**Problem to solve:** Each line from the one containing "Queen Size Bed" to the end of the data must be copied exactly, the first and last included; no other lines and no pictures belong in the copy.

**Provided material:**
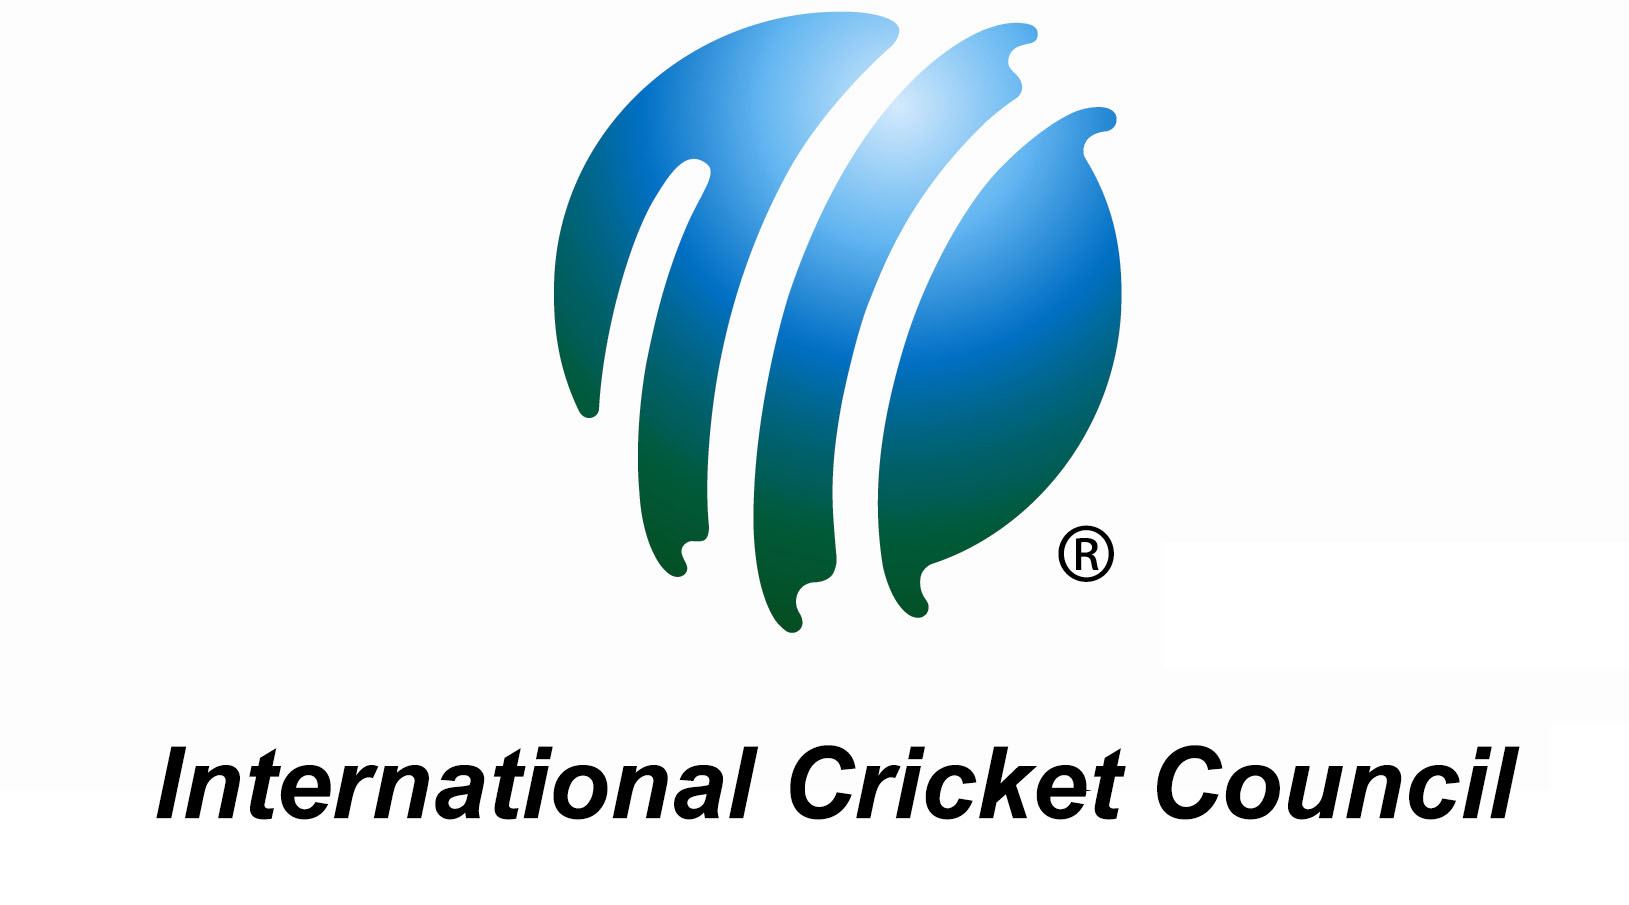 आईसीसी टेस्ट चैंपियनशिप
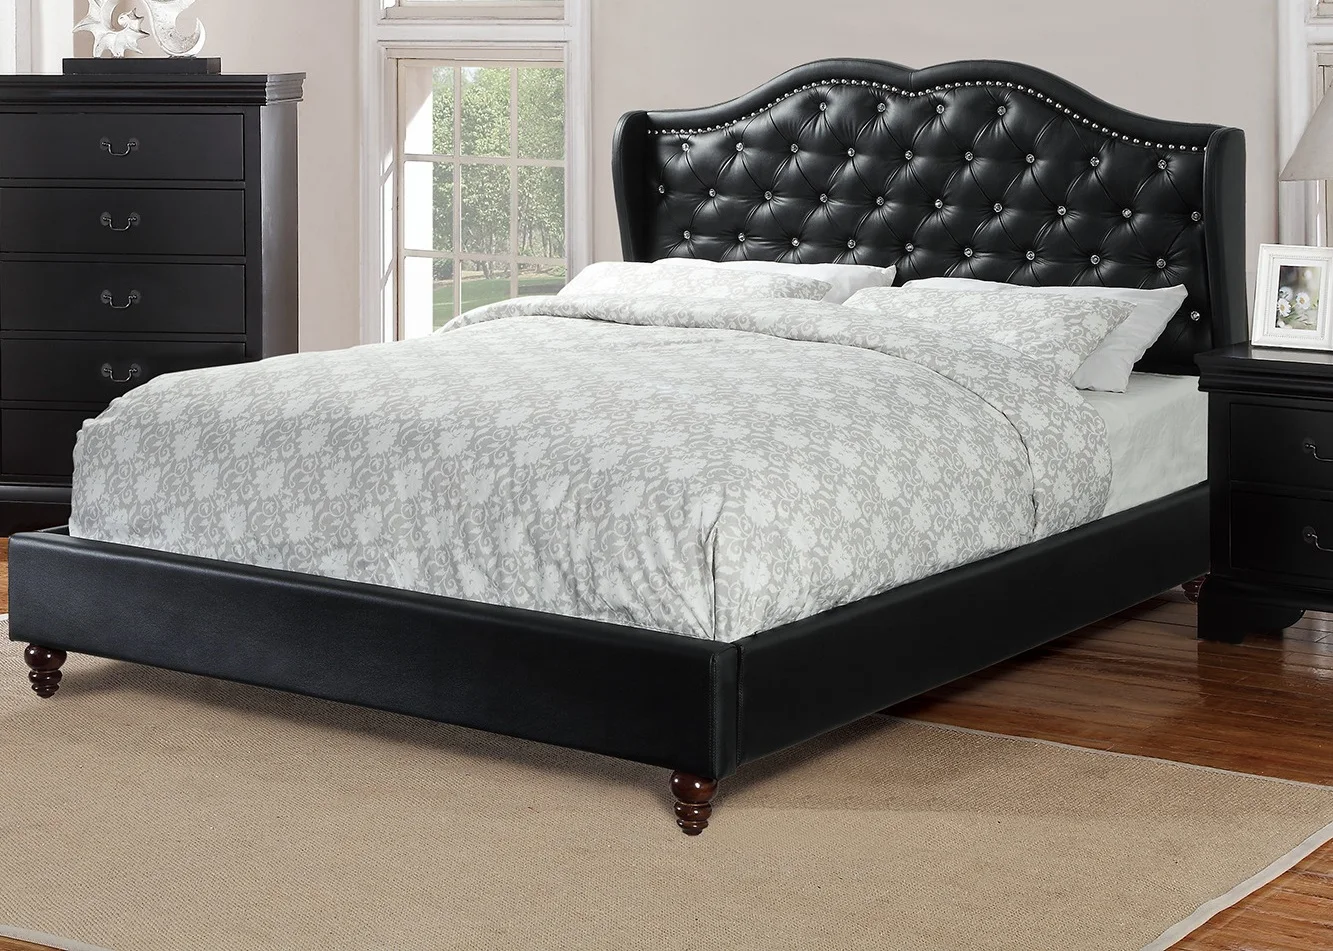 

Queen Size Bed 1pc Bed Set Black Faux Leather Upholstered Wingback Design Bed Frame Headboard Bedroom Furniture Tufted Upholster
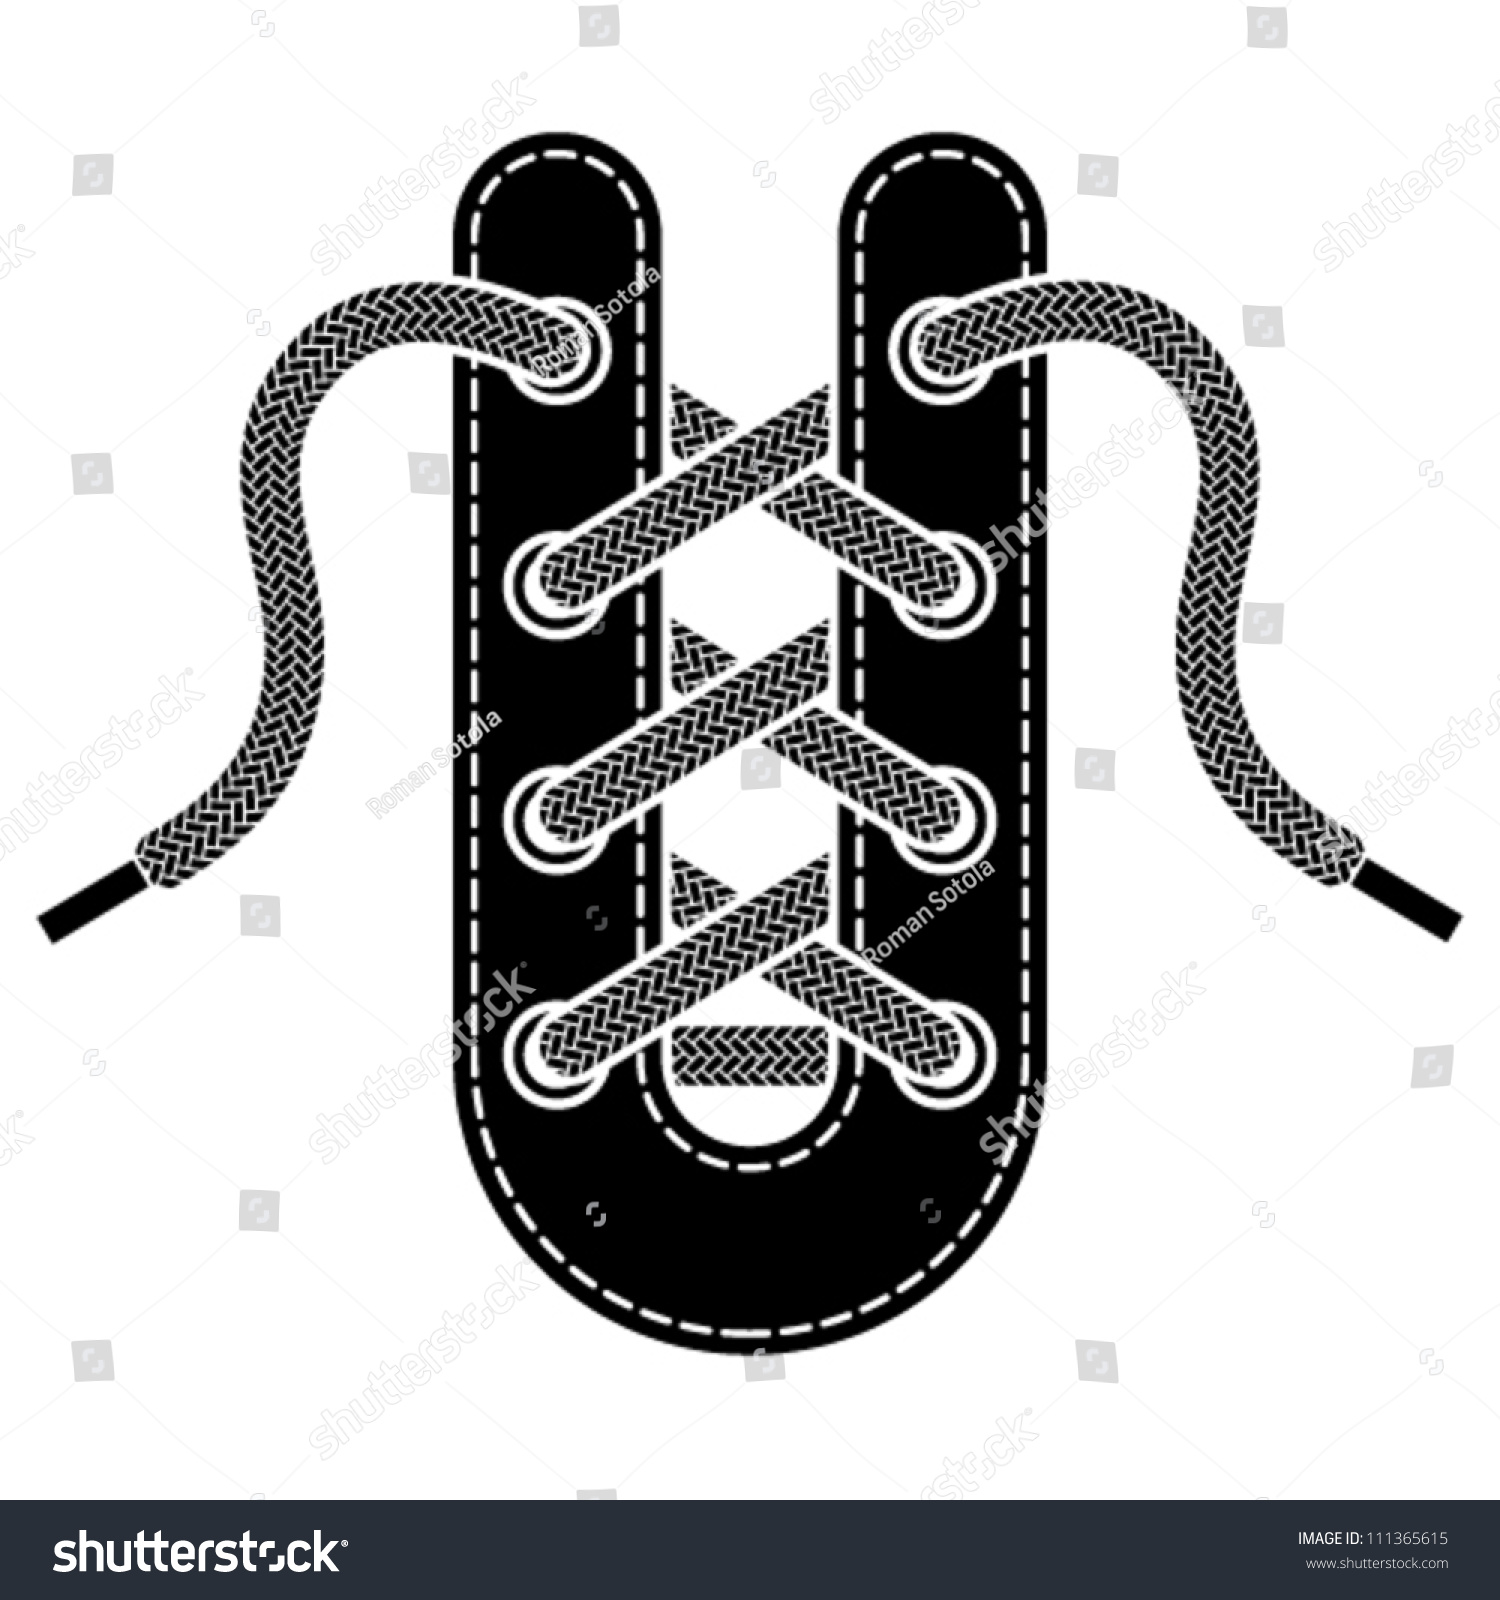 Vector Shoe Lace Symbol - 111365615 : Shutterstock

**Written solution:**
Queen Size Bed 1pc Bed Set Black Faux Leather Upholstered Wingback Design Bed Frame Headboard Bedroom Furniture Tufted Upholster
 Vector Shoe Lace Symbol - 111365615 : Shutterstock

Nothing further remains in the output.